Frances returned the story to the teacher and went home. The next day she saw Lydia showing something to another girl, and when she got closer she saw that it was the pair of baby shoes. She approached Lydia as soon as she could be alone with her. “Would
you please give me the shoes?” she said.
“They are magic shoes. I will not part with them. You have not shown yourself worthy to possess them,” said Lydia in her make-believe voice.
“It’s not funny,” said Frances.
“These aren’t those shoes, stupid,” said Lydia. “I found these.”
“But somebody dug up the shoes we hid,” said Frances. “I looked in the park. They’re not there.”
“Well, it wasn’t me,” said Lydia.
The next day Frances saw her show the shoes to Mrs. Reilly. “The real shoes?” said Mrs. Reilly. “The shoes in the story?”
“Sort of,” said Lydia.
“You can read the story in assembly,” said Mrs. Reilly. “Then when you’re done, pull out the shoes. What do you think of that suggestion?” Each class had a turn being in charge of an assembly and their turn was coming in a few weeks. Most classes put on a play about a holiday, but Mrs. Reilly had said they should have a talent show. Someone was going to play the piano, someone else would sing, and so on. “Maybe Frances will read the part she worked on,” she continued. “Or maybe you’d like to write a different story, Frances.”
Frances said she would do something else. Parents came to assemblies, and her mother might even take time off from work if Frances were in the talent show. Frances and a group of girls had planned to sing. If she were one of a large group, maybe her mother wouldn’t come.
She considered telling Mrs. Reilly that Lydia had taken shoes that belonged to her, but she was afraid that if she seemed upset, Mrs. Reilly would tell her mother. Or Mrs. Reilly might think she was jealous of Lydia. Lydia didn’t claim that she herself had burst in on robbers who had kidnapped a baby, but Frances found that when she pictured the events of Lydia’s story, it was Lydia who climbed through that window, wearing a nurse’s uniform that was more like a Halloween costume.
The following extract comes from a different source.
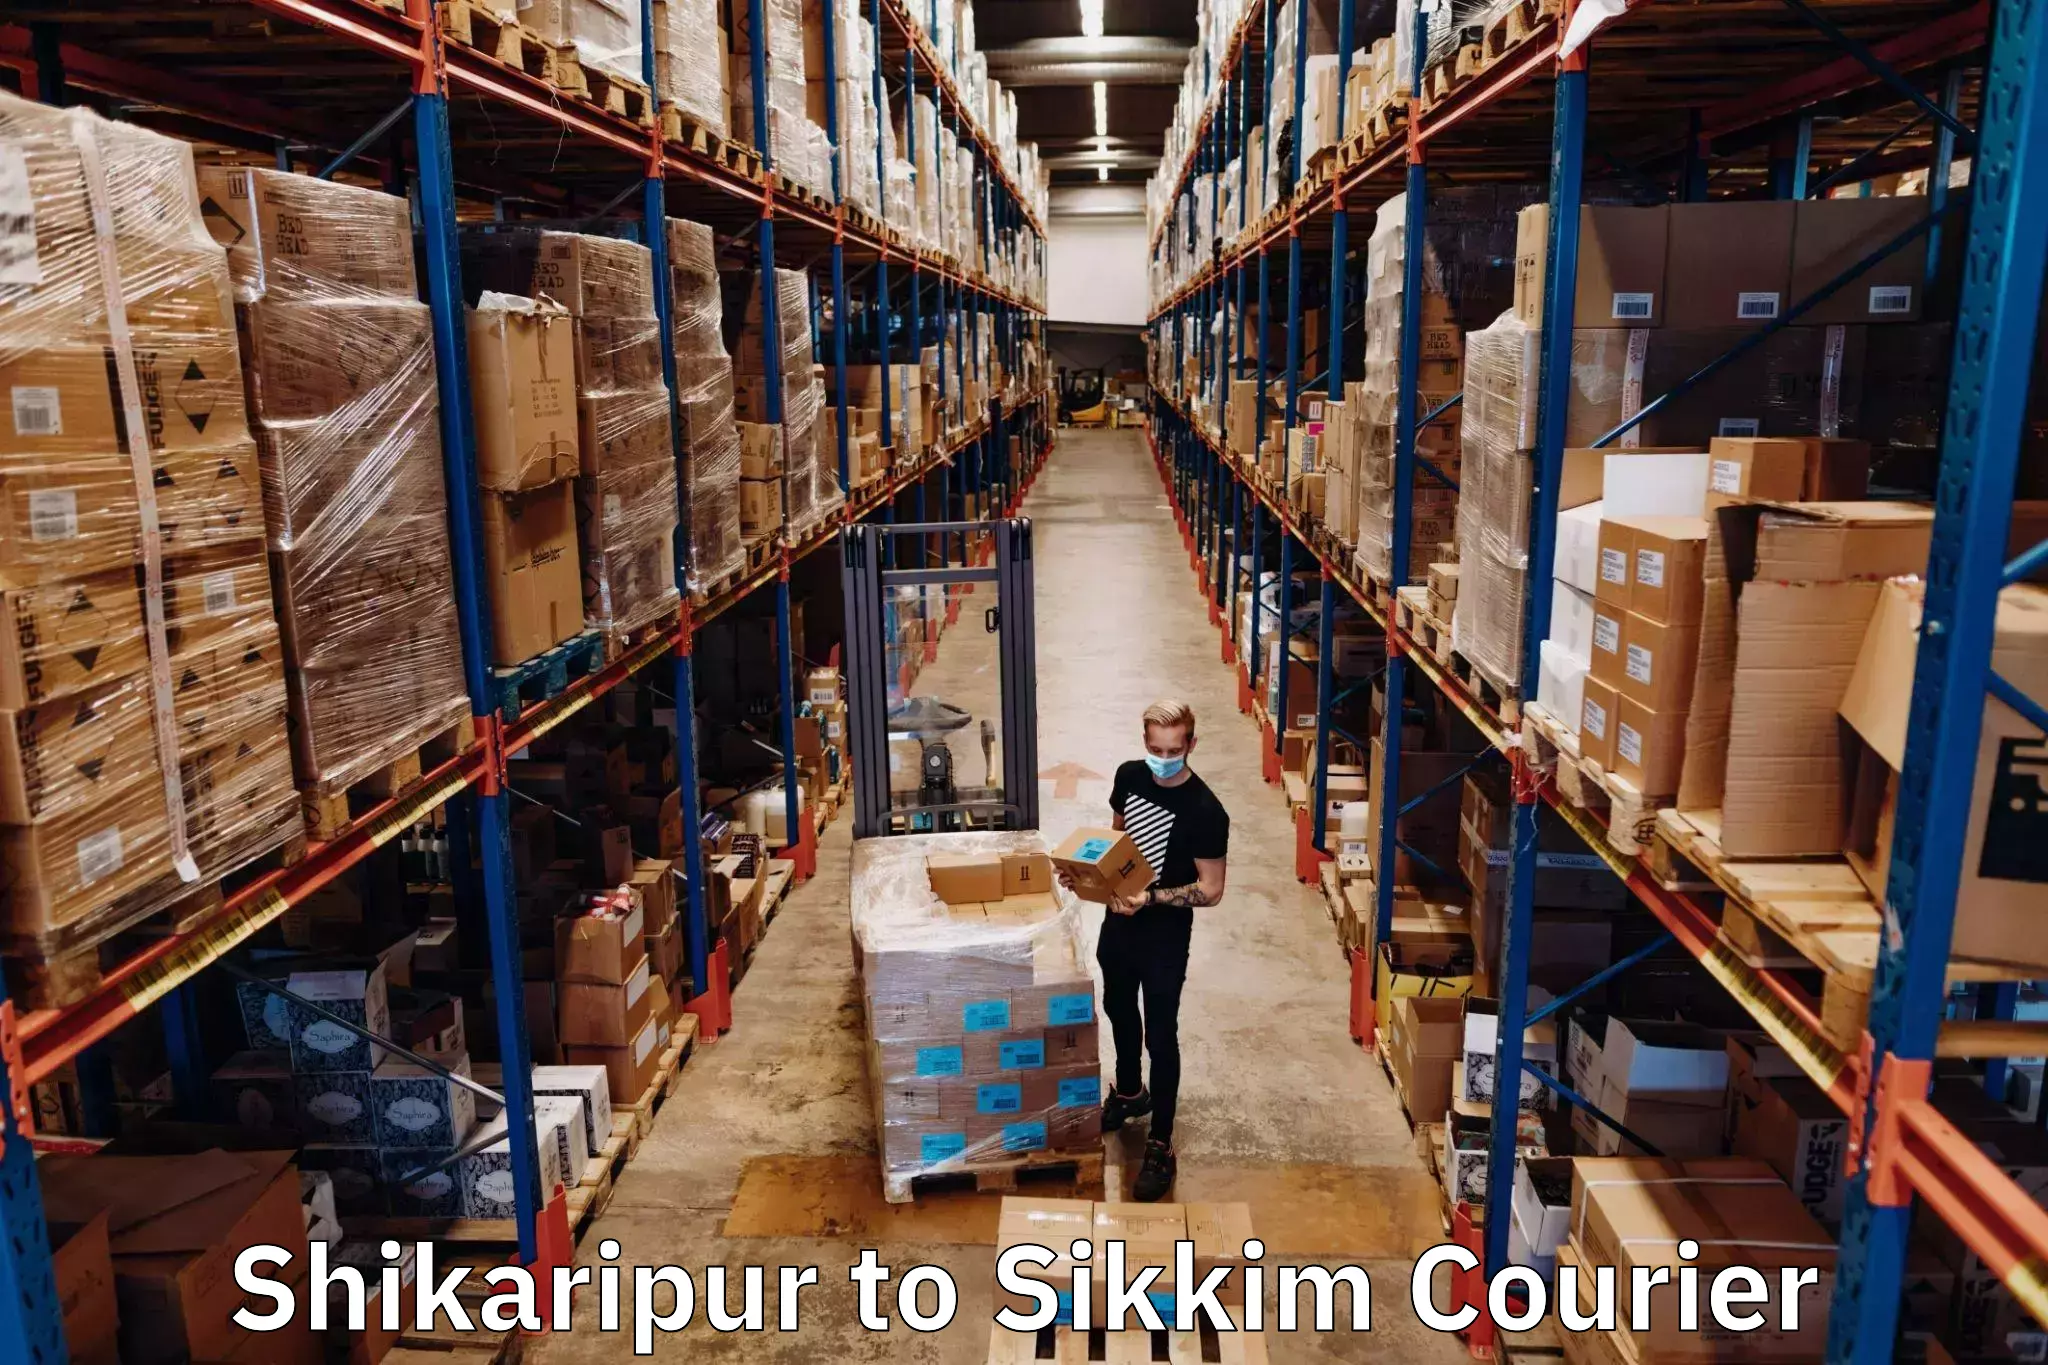 Courier service innovation Shikaripur to Ravangla

Frances sat in the kitchen at home, watching her mother cook dinner. Hilda moved around the small kitchen as if she knew the pots and knives she wanted would come to meet her, rising slightly from the table or sink when she reached for them. Frances thought that her mother must sometimes think about the baby who had died. Maybe she had loved that baby more than she had ever loved Frances and was always a little disappointed in what she had gotten instead. She had scarcely known that baby. How much love could you have for someone who was only a few days old? Yet right at this moment, Frances thought, her mother might be thinking about that baby. “What are you thinking about?” she said.